Kog’s engineering breakthrough stems from treating memory bandwidth as the primary constraint. By collapsing the inference pipeline into a persistent monokernel, eliminating CPU‑side scheduling, and deploying a hand‑tuned KCCL collective layer, the engine recovers microseconds lost in traditional stacks. This design aligns the token‑generation budget—roughly 333 µs per token—with the physical limits of HBM on modern GPUs, turning standard 8‑GPU nodes into de‑facto inference accelerators without additional silicon.

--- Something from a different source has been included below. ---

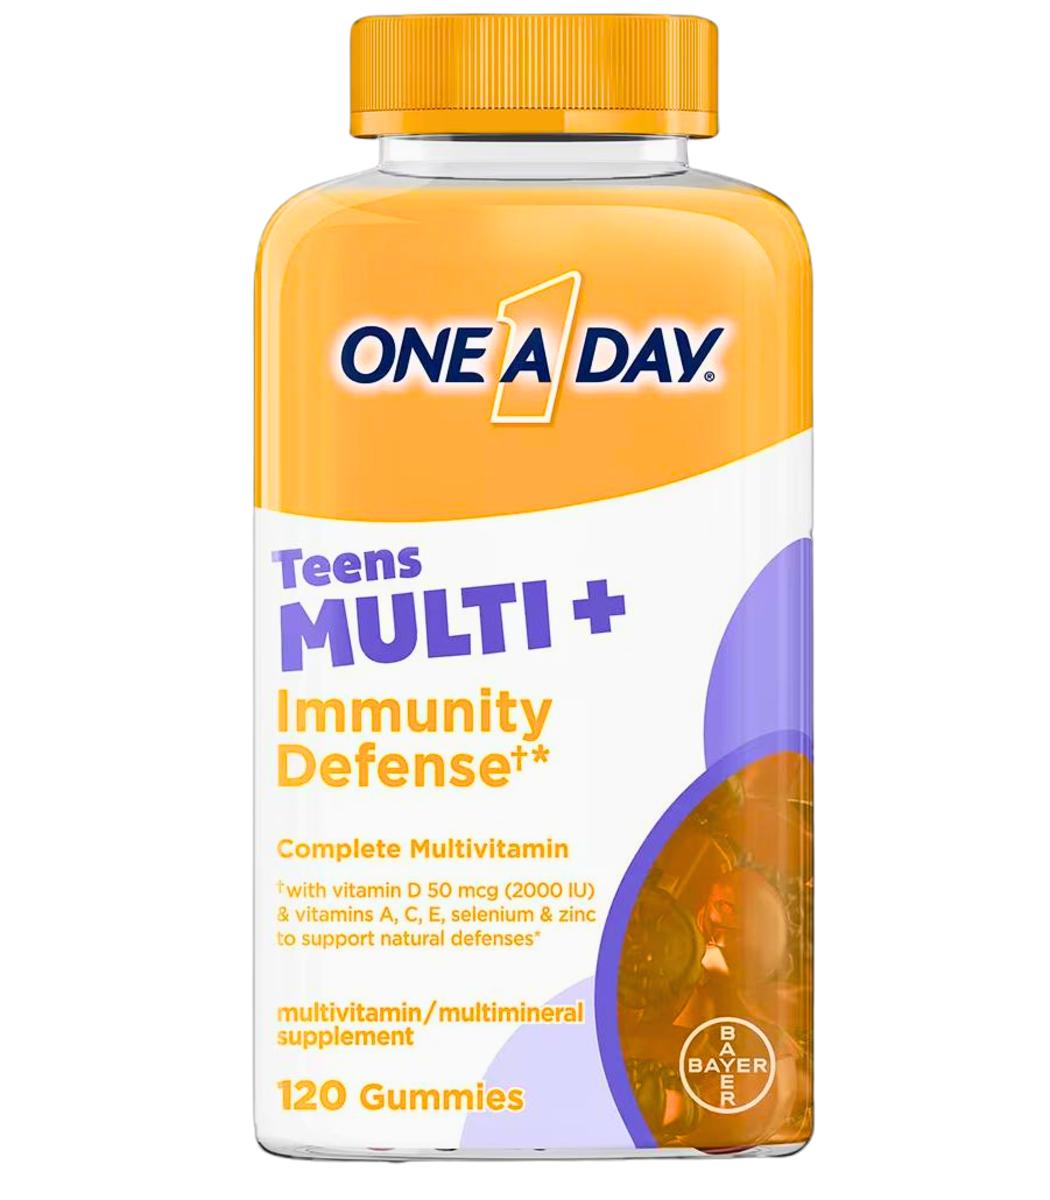 A bottle of One A Day Teens Multi+ Immunity Defense, a multivitamin for teens.

For the broader market, the preview signals that enterprises can achieve near‑hardware‑accelerator speeds using existing GPU investments, lowering capital expenditures and avoiding vendor lock‑in. Competitors that rely on generic frameworks may struggle to match Kog’s latency‑first stack, especially as AI agents become more prevalent. As Kog expands support to larger MoE models and incorporates quantization, the approach could redefine cost‑performance benchmarks for real‑time LLM services across cloud and on‑premise deployments.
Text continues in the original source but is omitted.